Output each line of the data below exactly, omitting any image.

- _Given material_
####################

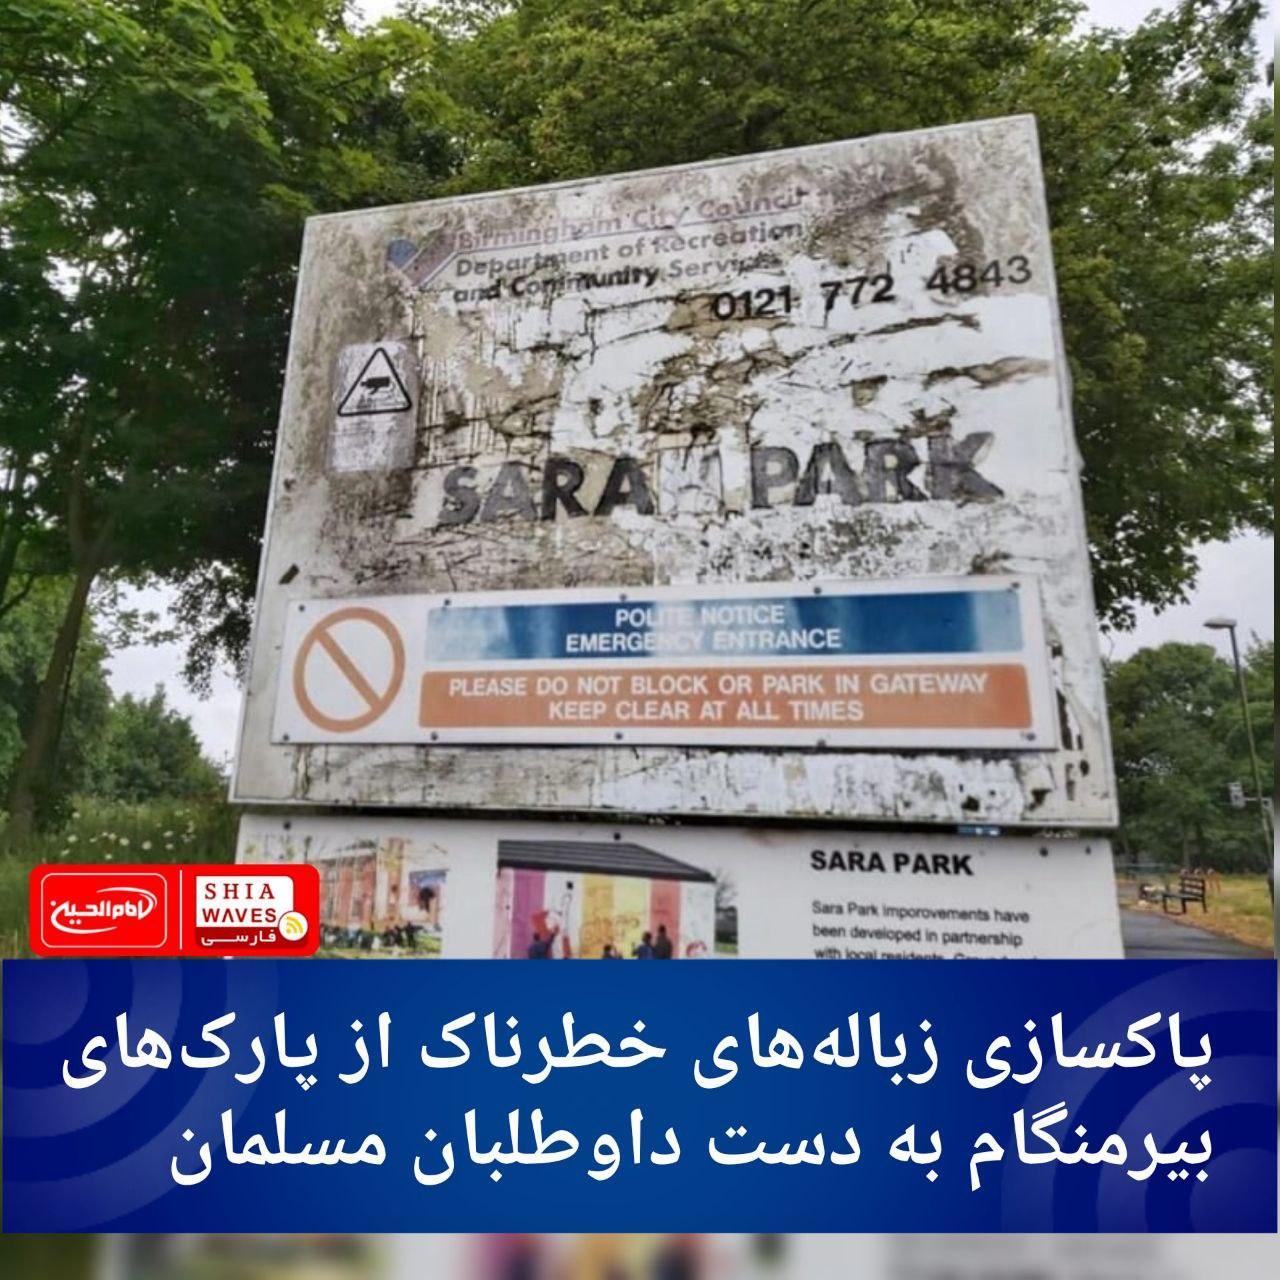 تصویر پاکسازی زبالههای خطرناک از پارکهای بیرمنگام به دست داوطلبان مسلمان
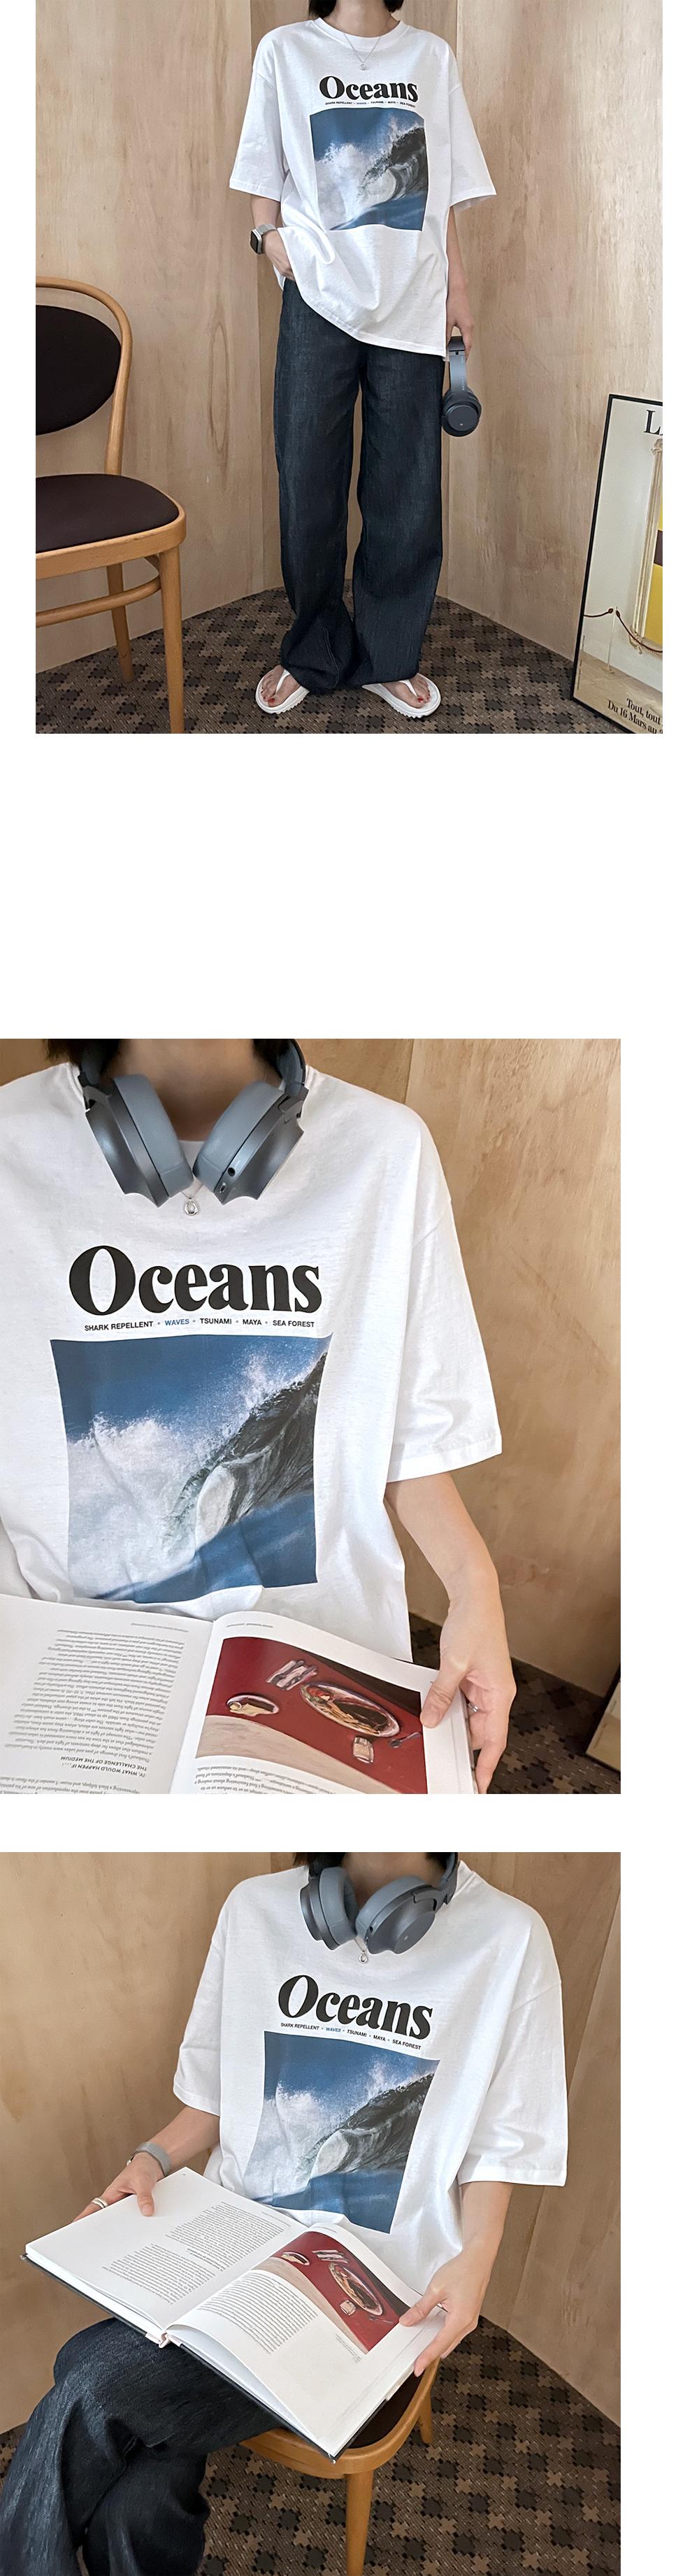 Ocean Vintage Printing Short Sleeve Tee
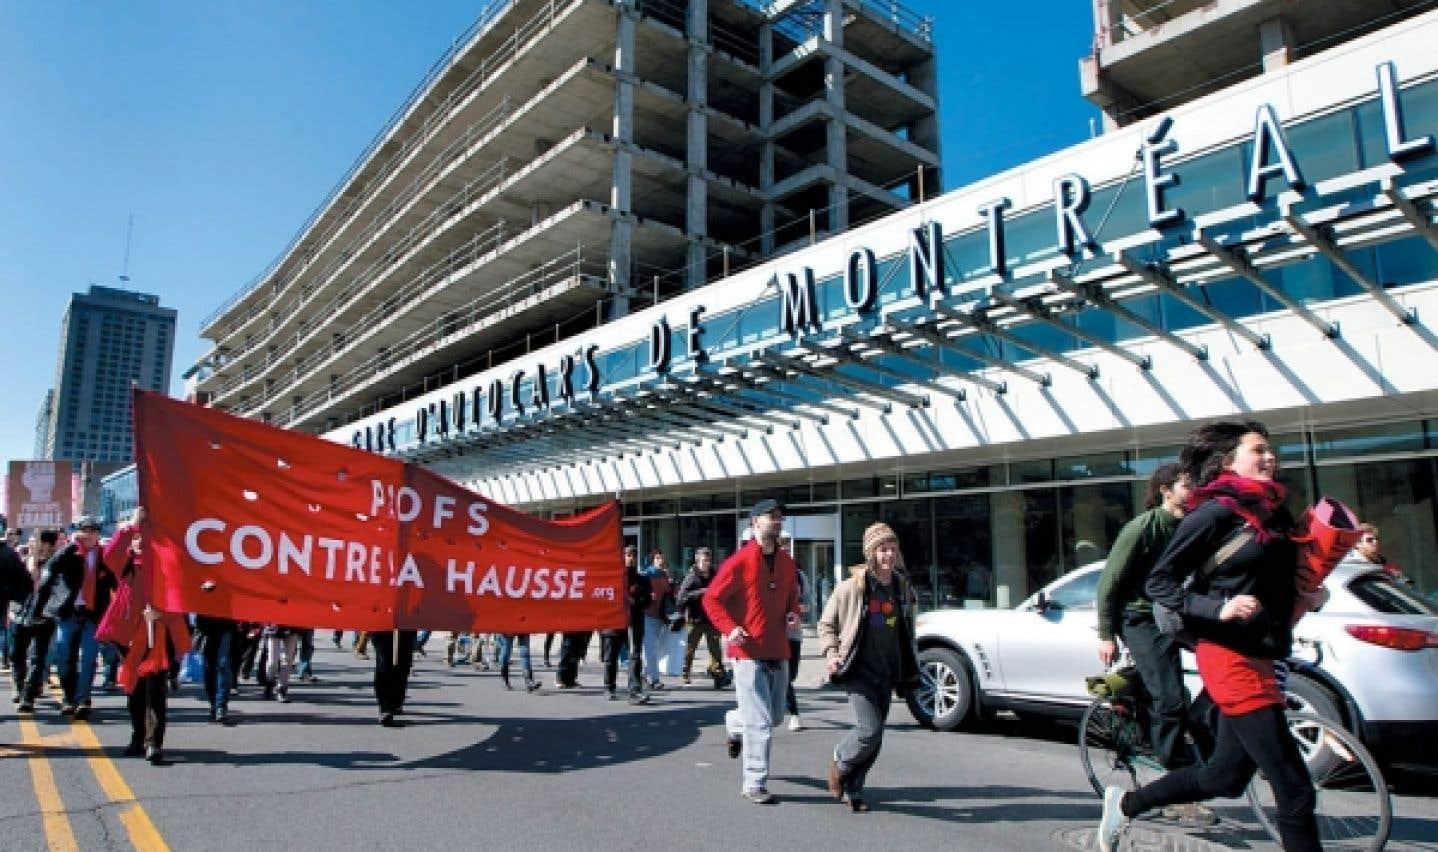 Les grévistes québécois suscitent l'intérêt à l'échelle mondiale

####################

- _Response for this exercise_
 تصویر پاکسازی زبالههای خطرناک از پارکهای بیرمنگام به دست داوطلبان مسلمان
 Ocean Vintage Printing Short Sleeve Tee
 Les grévistes québécois suscitent l'intérêt à l'échelle mondiale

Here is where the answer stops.